AIM OF THE TASK:
Among the entries that follow, some lines contain the word "Stock". Show all of them.

[Excerpts from a dataset]
____
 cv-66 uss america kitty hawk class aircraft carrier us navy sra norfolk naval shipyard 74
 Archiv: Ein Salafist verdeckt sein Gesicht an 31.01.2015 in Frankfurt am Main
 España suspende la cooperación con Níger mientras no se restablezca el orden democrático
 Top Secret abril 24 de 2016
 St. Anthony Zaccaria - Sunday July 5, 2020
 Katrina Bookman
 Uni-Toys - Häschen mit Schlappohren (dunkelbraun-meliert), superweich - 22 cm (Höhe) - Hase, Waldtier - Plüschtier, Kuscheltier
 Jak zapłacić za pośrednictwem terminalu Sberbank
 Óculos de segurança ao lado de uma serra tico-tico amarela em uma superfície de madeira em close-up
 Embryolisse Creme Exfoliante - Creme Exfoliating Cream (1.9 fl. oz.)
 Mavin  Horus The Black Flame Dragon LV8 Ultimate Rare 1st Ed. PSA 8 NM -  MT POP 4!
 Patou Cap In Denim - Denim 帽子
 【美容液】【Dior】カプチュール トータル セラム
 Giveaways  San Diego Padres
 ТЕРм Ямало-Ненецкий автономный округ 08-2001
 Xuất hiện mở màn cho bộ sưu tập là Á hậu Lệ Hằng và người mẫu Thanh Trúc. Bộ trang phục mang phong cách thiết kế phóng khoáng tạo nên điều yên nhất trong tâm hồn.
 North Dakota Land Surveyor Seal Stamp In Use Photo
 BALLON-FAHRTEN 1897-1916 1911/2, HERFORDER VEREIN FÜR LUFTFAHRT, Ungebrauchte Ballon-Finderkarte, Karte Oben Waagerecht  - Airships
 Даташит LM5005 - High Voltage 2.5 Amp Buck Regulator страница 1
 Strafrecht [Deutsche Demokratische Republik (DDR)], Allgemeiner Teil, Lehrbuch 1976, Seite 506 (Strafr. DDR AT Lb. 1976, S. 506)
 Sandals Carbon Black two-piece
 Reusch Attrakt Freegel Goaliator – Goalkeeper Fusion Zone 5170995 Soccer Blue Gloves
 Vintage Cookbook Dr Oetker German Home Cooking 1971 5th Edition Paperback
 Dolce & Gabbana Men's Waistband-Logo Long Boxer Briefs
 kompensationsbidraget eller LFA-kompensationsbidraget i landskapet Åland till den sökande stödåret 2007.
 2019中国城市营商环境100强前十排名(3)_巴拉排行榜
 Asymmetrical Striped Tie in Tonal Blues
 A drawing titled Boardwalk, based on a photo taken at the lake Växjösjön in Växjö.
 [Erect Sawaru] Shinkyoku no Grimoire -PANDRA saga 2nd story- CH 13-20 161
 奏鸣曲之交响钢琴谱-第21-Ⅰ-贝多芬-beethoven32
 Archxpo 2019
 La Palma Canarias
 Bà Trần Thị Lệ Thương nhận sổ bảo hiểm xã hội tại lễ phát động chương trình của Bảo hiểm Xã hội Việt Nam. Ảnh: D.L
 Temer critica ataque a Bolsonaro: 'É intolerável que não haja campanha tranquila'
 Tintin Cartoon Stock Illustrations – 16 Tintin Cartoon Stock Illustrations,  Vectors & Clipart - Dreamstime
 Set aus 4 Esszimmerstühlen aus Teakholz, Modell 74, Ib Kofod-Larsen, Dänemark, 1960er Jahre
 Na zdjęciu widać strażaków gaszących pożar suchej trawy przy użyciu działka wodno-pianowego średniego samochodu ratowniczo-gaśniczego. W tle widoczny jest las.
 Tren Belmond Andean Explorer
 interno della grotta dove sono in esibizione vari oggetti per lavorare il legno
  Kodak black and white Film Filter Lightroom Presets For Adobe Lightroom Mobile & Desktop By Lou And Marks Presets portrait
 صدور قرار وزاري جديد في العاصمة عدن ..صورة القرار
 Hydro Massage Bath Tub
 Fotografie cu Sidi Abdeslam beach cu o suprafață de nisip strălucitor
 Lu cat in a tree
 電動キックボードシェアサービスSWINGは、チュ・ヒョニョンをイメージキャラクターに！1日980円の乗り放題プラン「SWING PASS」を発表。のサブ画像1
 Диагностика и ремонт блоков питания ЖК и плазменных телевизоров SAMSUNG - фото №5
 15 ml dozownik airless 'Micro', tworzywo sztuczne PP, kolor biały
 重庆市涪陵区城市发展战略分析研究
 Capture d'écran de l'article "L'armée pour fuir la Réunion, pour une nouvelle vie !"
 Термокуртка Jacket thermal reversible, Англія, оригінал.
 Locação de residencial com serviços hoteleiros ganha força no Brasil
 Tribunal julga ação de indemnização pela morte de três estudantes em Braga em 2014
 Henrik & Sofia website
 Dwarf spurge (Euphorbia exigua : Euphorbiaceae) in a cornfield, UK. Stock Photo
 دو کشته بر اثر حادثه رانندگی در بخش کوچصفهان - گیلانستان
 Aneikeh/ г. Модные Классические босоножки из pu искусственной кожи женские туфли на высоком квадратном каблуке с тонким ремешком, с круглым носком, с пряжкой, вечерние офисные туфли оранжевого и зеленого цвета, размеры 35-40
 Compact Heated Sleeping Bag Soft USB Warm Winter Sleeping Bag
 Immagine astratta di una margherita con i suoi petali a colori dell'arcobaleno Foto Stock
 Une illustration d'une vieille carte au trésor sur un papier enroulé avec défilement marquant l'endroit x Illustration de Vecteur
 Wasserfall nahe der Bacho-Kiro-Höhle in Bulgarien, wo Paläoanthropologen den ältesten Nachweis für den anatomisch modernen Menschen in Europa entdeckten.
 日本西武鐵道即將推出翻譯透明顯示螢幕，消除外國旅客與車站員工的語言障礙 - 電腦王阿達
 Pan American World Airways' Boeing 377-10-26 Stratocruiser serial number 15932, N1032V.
____
RESULT OF THIS EXERCISE:
 Tintin Cartoon Stock Illustrations – 16 Tintin Cartoon Stock Illustrations,  Vectors & Clipart - Dreamstime
 Dwarf spurge (Euphorbia exigua : Euphorbiaceae) in a cornfield, UK. Stock Photo
 Immagine astratta di una margherita con i suoi petali a colori dell'arcobaleno Foto Stock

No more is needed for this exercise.